Vis Major is a setting I've been cobbling together for a few months on and off. When a member of my current group decided to take a few months off to care for his new daughter, we put that game on hold. I decided to try out my new setting on the group in his absence.

The players are mostly new to the d20 system, so the first session was largely an excuse to explore some mechanics and get a chance to meet each other. The game is running on a hacked-up version of d20 modern, but the feel is much more D&D. The writeup is also posted here:

http://rollinitiative.com/node/4853

I grant this might make more sense with some background into the campaign. If there is any interest I will write something up for here, but there are some notes at http://rollinitiative.com/node/4263 . I've also attached the players' first handout; a banner for the faire.

*Freaks and Meetings*

Olaf, Ramo, and Wilhelm arrived at the fairgrounds early, and were the first visitors to Dr. Xanth's Carnivale of the Cursed. They beheld the horrible hydra, mutant trollizards with multiple vestigial heads. Toad Boy leapt from behind a curtain to startle them before ushering them on.

In the next room, they found garoulin skeletons and a wax figure of a viscerid. Ramo discussed his fascination with the human qualities of the creatures, and wondered if there was some way to save them from their wretched fate. There was also a beautiful singing rose sealed away in a glass case. The final tent of the sideshow held the Fearsome Fenris, a hulking and dangerous-looking wolf.

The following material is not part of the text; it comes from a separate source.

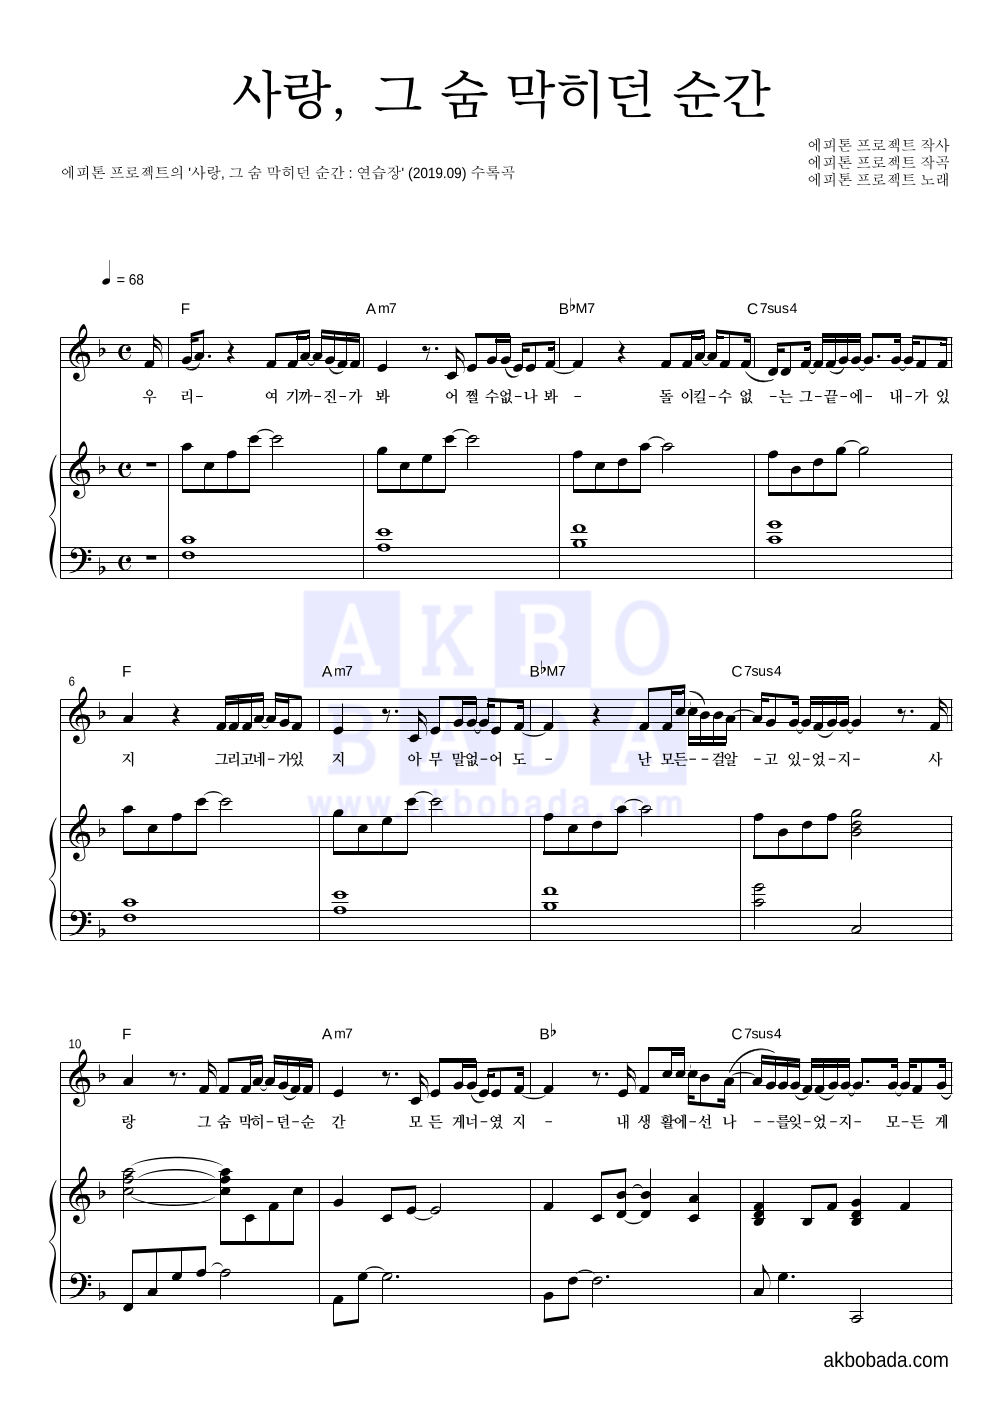 에피톤 프로젝트 - 사랑, 그 숨 막히던 순간 피아노 3단 악보

Meanwhile, Senator William d'Hamilton and his advisor Brother Carver Smythe planned their day's activities in their carriage at the edge of the fairgrounds. It was to be a day of handshaking and baby-kissing, leading up to a speech from the Senator at the closing ceremony. Heading out into the early-morning crowd, they ran into the Senator's long-time friend Ramo and his guests from Gasmithon.

*An Obstacle Course*

Perusing their fliers, the group decided to see what this obstacle course was all about. Olaf, Wilhelm, Ramo, and, surprisingly, the Senator paid their admission fees and took their places at the starting line. Wilhelm got off to an early lead on the climbing obstacle, but had some trouble with the balance beams. Not as much trouble as Olaf, who lost some ground when he fell off and had to climb back up the wall from the wrong side!

Times evened out at the portals to the gauntlet, where the contestants had to find keys secreted in clay jars, and then break the jars to retrieve them. Olaf picked up his lead again with a lucky charge that broke the right pot straight off. The Senator, not used to such rigorous physical demands, was having some trouble with his clay. Ramo and Wilhelm were having about the same time of it, and the crowd was well-pleased.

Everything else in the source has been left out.